Experiments using Rsk2KO arteries showed that RSK2 is a critical upstream activator of NHE-1–induced alkalinization associated with increased [Ca2+]i and myogenic vasoconstriction. Resting pH in rodent mesenteric arteries is governed largely by a balance between acid extrusion by NHE-1 and the Na+-bicarbonate transporter (41). The relationship between smooth muscle pH and contraction is complex and varies in different kinds of blood vessels (42). Changes in pHi are tightly linked to Ca2+i signaling and changes in artery tone (43). Acidosis generally inhibits the Na+/Ca2+ exchanger (44), the sarcoplasmic reticulum (SR) and plasmalemmal Ca2+ adenosine triphosphatases (ATPases) (45, 46), L-type Ca2+ channels (47), and the SR ryanodine-sensitive Ca2+ release channels (42), resulting in muscle relaxation (28). IP3- and Ca2+-induced Ca2+ release are also increased with alkalinization (42). The increase in Ca2+ associated with the RSK2/NHE-1–mediated alkalinization is expected to augment MLCK activity, RLC20 phosphorylation, and myogenic vasoconstriction. These observations provide an explanation for the correlation of increased RSK2 and NHE-1 activities found in vascular smooth muscle when stimulated by AngII and the increased Na+/H+ exchange activity associated with hypertension. In addition, these observations may explain the correlation between platelet aggregation, [Ca2+]i, pHi, and blood pressure as observed in treated and untreated hypertensive patients (48). Enhanced NHE-1 and RSK2 activity under pathological conditions and metabolic challenges would be expected to increase NHE-1–induced alkalinization and artery dysfunction, whereas under normal conditions the Na-bicarbonate exchanger would tend to buffer the large changes in pH that we observed with the myogenic response (43).

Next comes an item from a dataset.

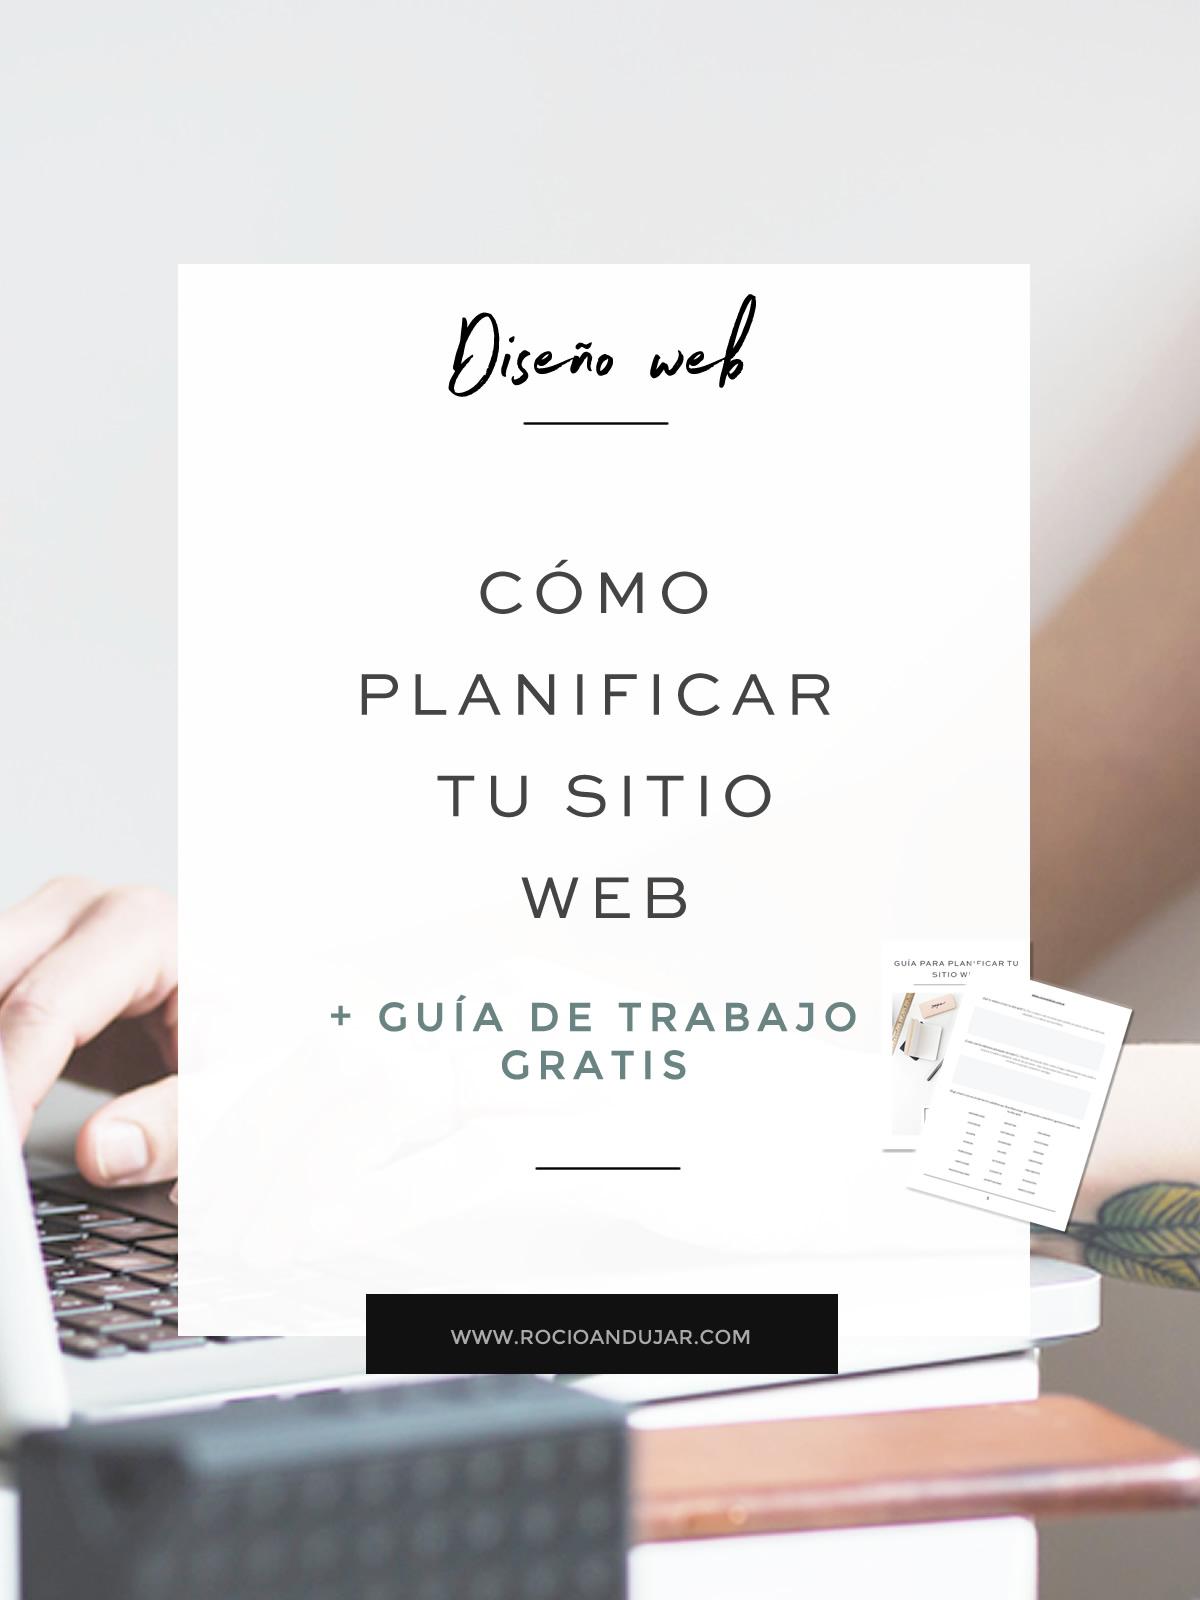 Cómo planificar tu sitio web + guía de trabajo gratis.

Ca2+ influx and/or release from the SR through IP3 receptor or ryanodine receptors, distributed over the continuous SR network in smooth muscle cells (49, 50), result in various distinctive cytosolic Ca2+ transients (51, 52). We observed Ca2+ transients in pressurized arteries, with or without treatment with ryanodine (which depletes Ca2+ stores), and both were suppressed by cariporide. These findings show that SR ryanodine-sensitive Ca2+ stores regulated by NHE-1 activity are a source of the Ca2+ transients induced in myogenic vasoconstriction. IP3-initiated Ca2+ waves that propagate across the entire muscle cell from an initial release site (53) become inactivated at high [Ca2+], accounting for the transient Ca2+ wave (movie S1) (54). Regardless of whether Ca2+ waves are sourced from Ca2+ influx, IP3- or ryanodine-sensitive stores, or all sources, our main finding is that inhibition of NHE-1 suppressed Ca2+ transients in arteries and that NHE-1 activity is RSK2 dependent. Future studies will focus on the molecular mechanisms responsible for the [Na+]- and [H+]-induced regulation of Ca2+ handling and contractility in smooth muscle of small resistance arteries, both under normal and pathological conditions.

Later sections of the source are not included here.